Dental tourism on the NHS

Millions who have lost their NHS dentist could insist on going abroad for free treatment under radical plans to allow ‘health tourism’.

Ministers were taken aback by the scale of EU proposals for new rights to shop around Europe for the best and fastest medical treatment – and send the bill to the NHS.

Experts believe that with almost a million fewer patients being treated since Labour’s last disastrous shake-up of NHS dental care in 2006, it will become one of the most popular types of treatment sought abroad.

A poll showed that more than half of NHS patients – 53% – are prepared to travel overseas under the proposals to allow ‘cross-border healthcare’.

Experts said they would effectively transform the National Health Service into a ‘European Health Service’.

Patients would not have to show they have suffered any undue delay for treatment in the UK before demanding to be treated abroad.

They could claim up to the amount their treatment would have cost in their home country.

But they could also top up the cost of care abroad, meaning they can use NHS funds to pay part of the bill for treatment at the most exclusive private clinics in any of the EU’s 27 member states.

This could include expensive procedures such as bridges and crowns.

European Commission healthcare spokesman Nicholas Fahy said the Government would have to justify requiring permission for major surgery in each individual case and it would be open to challenge in EU courts.

He said the EU wanted the new plans for ‘cross-border healthcare’ enshrined in law within two-and-a-half to three years.

But he said that following a series of court rulings, patients who wanted to escape dirty British hospitals or waiting lists could insist on being treated abroad now and take legal action to reclaim the costs from the NHS.

The Government said it would fight to water down the proposals.

Ministers are understood to be deeply concerned that the move will mean the well educated and the well-off, who are able to pay for travel costs and topup fees, gaining access to better healthcare using NHS funds.
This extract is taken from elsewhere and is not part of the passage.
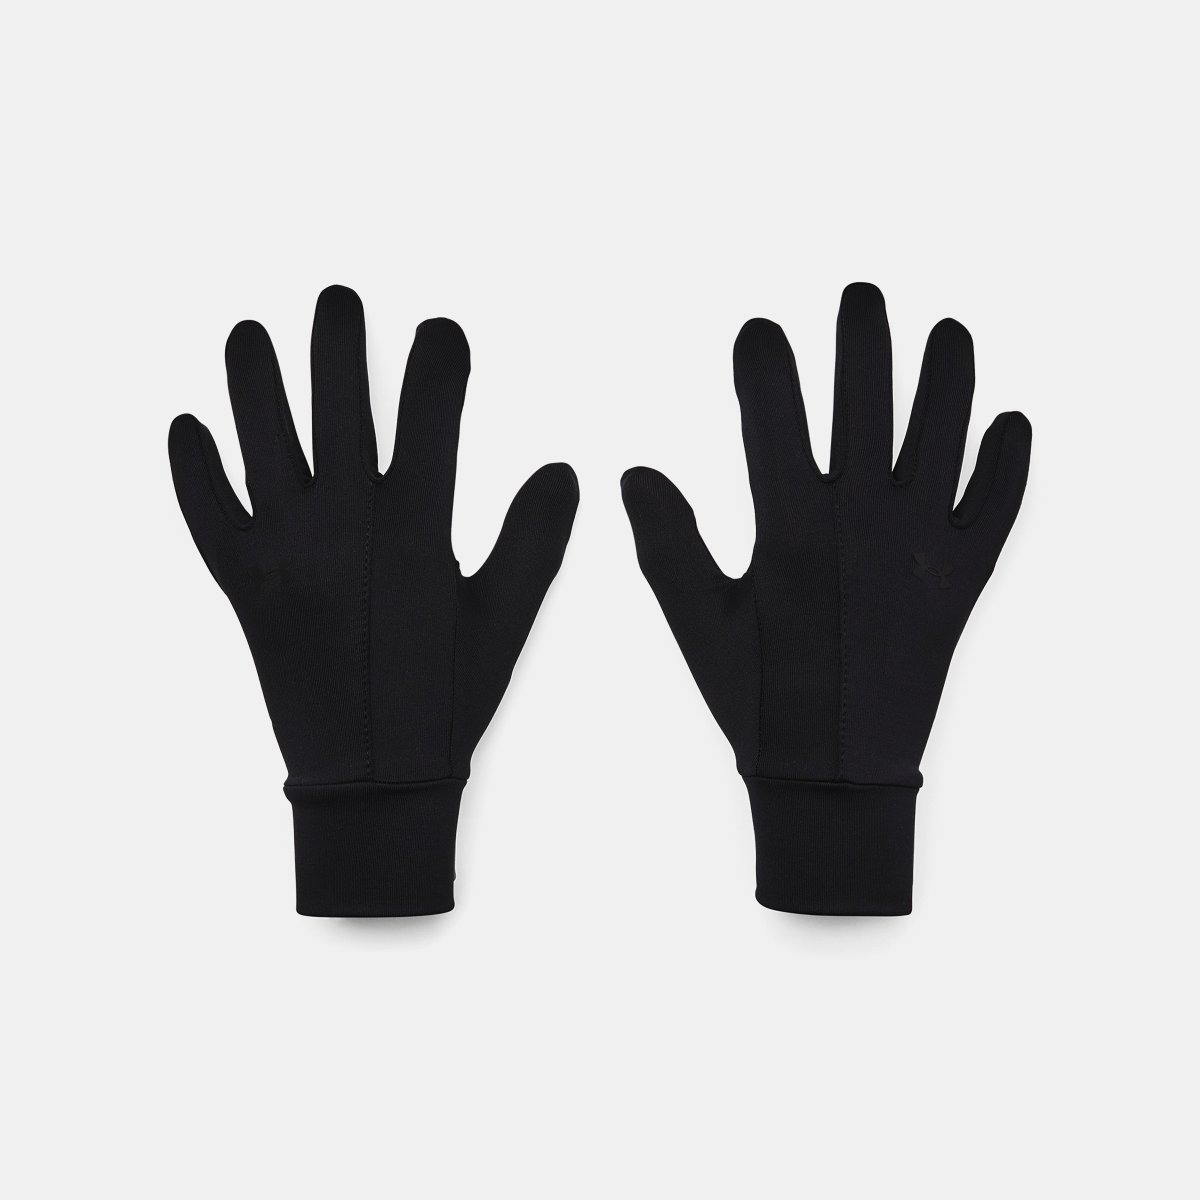 Gloves in Black - Under Armour Woman - Under Armour GOOFASH

Public Health Minister Dawn Primarolo said: ‘This is a draft directive. It’s far from clear that this will be the final version. We must do what we can to protect the finances of the NHS and ensure that everyone has fair access to treatment.’

However, the plan will become law across the EU if a majority of countries agree, since Britain does not have a veto.

Mr Fahy said it enjoyed ‘almost universal support’ elsewhere in Europe.